This workflow is not purely mechanical. Each variable requires
case-by-case analysis:

- Is the variable per-repository? Some variables like
  editor_program are user preferences. As Phillip Wood asked [7],
  variables where per-repo scoping does not make semantic sense
  may be better handled by localizing them to their subsystem.

- How deep is the call chain? As preparation for this proposal, I
  traced askpass_program end-to-end. It has a single reader in
  prompt.c, which looks simple. But git_prompt() is called from
  two paths: the credential system and the bisect system. The
  difficulty of a variable is not about reader count, it is
  about call chain depth.

- Are there initialization ordering constraints? Some variables
  like is_bare_repository_cfg are set during .git directory
  discovery, before struct repository is fully initialized.
  Moving them into the repository struct creates a chicken-and-egg
  problem that requires design discussion on the mailing list.

- Are there dependent variables? Some variables must be migrated
  together. For example, comment_line_str_to_free and
  auto_comment_line_char are set in the same config callback and
  read together in builtin/commit.c. Migrating one without the
  other would leave half the state global and half per-repo.

- Does the variable have CLI interaction? Variables written by
  command-line options via OPT_INTEGER, OPT_BOOL, etc. need both
  the config path and the CLI path updated.

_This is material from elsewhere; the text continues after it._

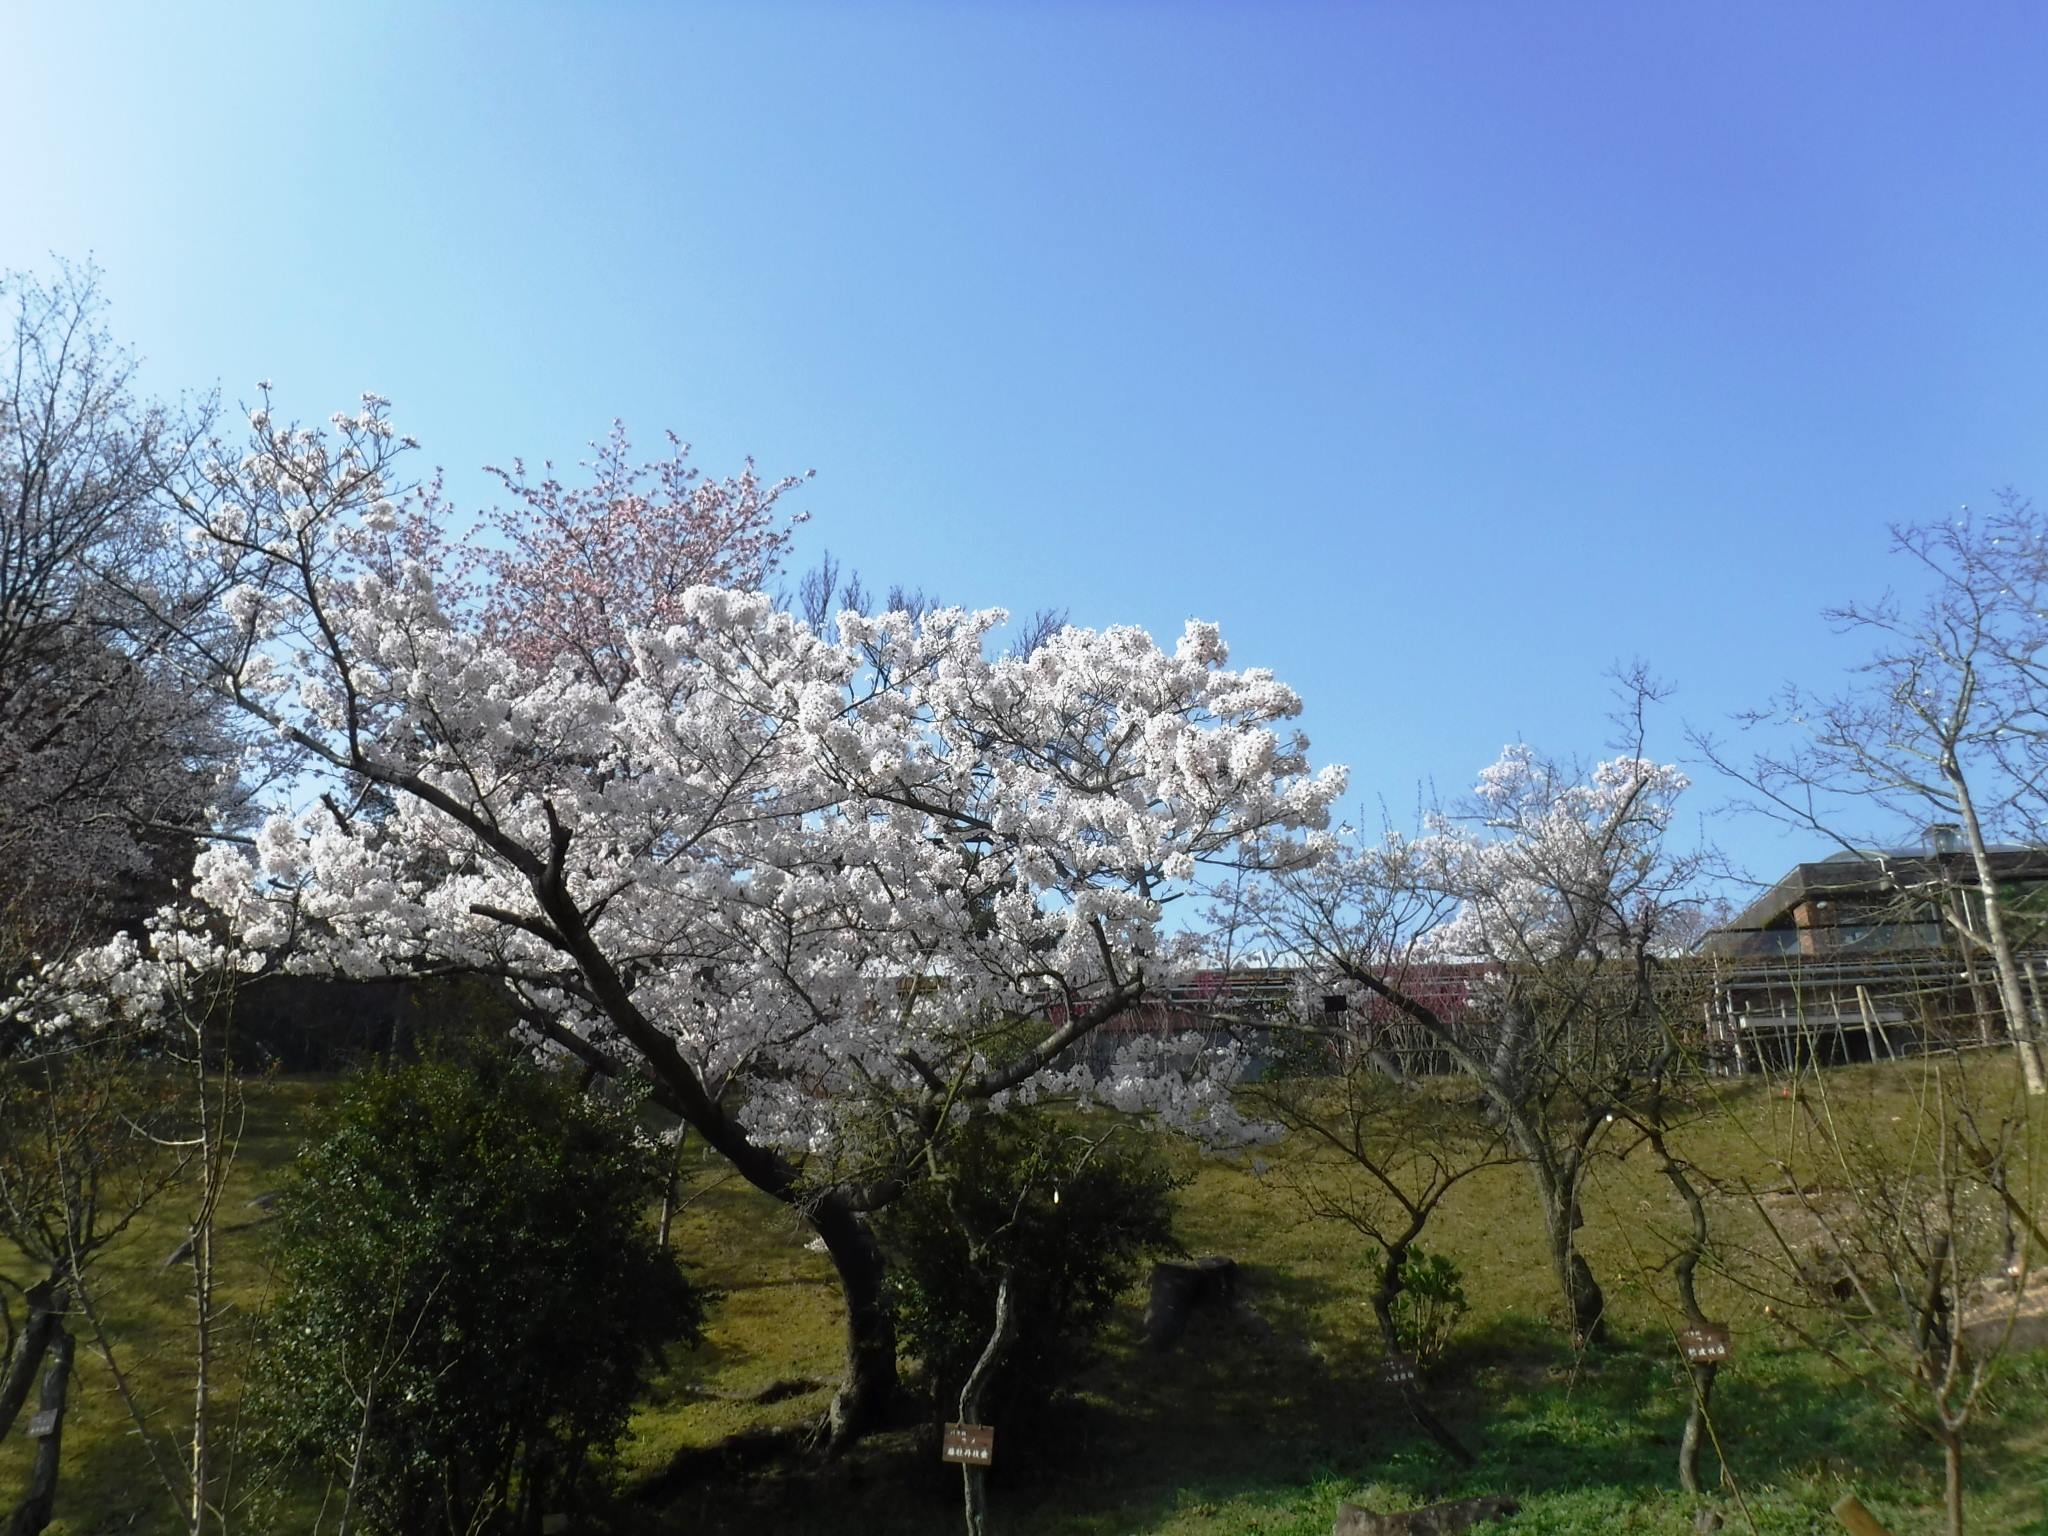 神戸市広報 こちらは須磨離宮公園の桜の様子 T Co D2b3gr1abh T Co Bstvddb2ha Twitter

The macro #define USE_THE_REPOSITORY_VARIABLE, introduced by
Patrick Steinhardt [8], controls access to the_repository
global. The macro serves both as a migration indicator and a
technical gate. When all globals in a file have been migrated
and all functions receive struct repository * explicitly,
the macro can be removed.

Following Stolee's two-step migration model [9], I will first
move variables into repo_config_values using the_repository
(Step 1: safe, mechanical, no behavior change). For selected
variables with shallow call chains, I will also thread struct
repository *repo through callers to begin replacing direct
the_repository usage (Step 2).

I propose a dual approach for organizing the work:

- Variable-focused migration: move environment.c globals into
  repo_config_values following Bello's pattern. This is the
  primary track. For each variable, I classify it, trace readers,
  migrate it, and remove the global.
- File-focused cleanup: for files where only a few the_repository
  usages remain after variable migration, complete the cleanup
  and remove USE_THE_REPOSITORY_VARIABLE entirely. This is a
  natural side effect of the first track.

Some variables may need a hybrid approach: when a variable is
used across many files but heavily concentrated in one subsystem,
it may make sense to migrate it alongside other globals in that
subsystem rather than in isolation.

The two tracks reinforce each other: migrating a variable often
removes the last reason a file needs the macro.

Remaining Work and Variable Classification
--------------------------------------------
Olamide Bello's merged series [2] migrated: git_attributes_file,
core_apply_sparse_checkout, and git_branch_track.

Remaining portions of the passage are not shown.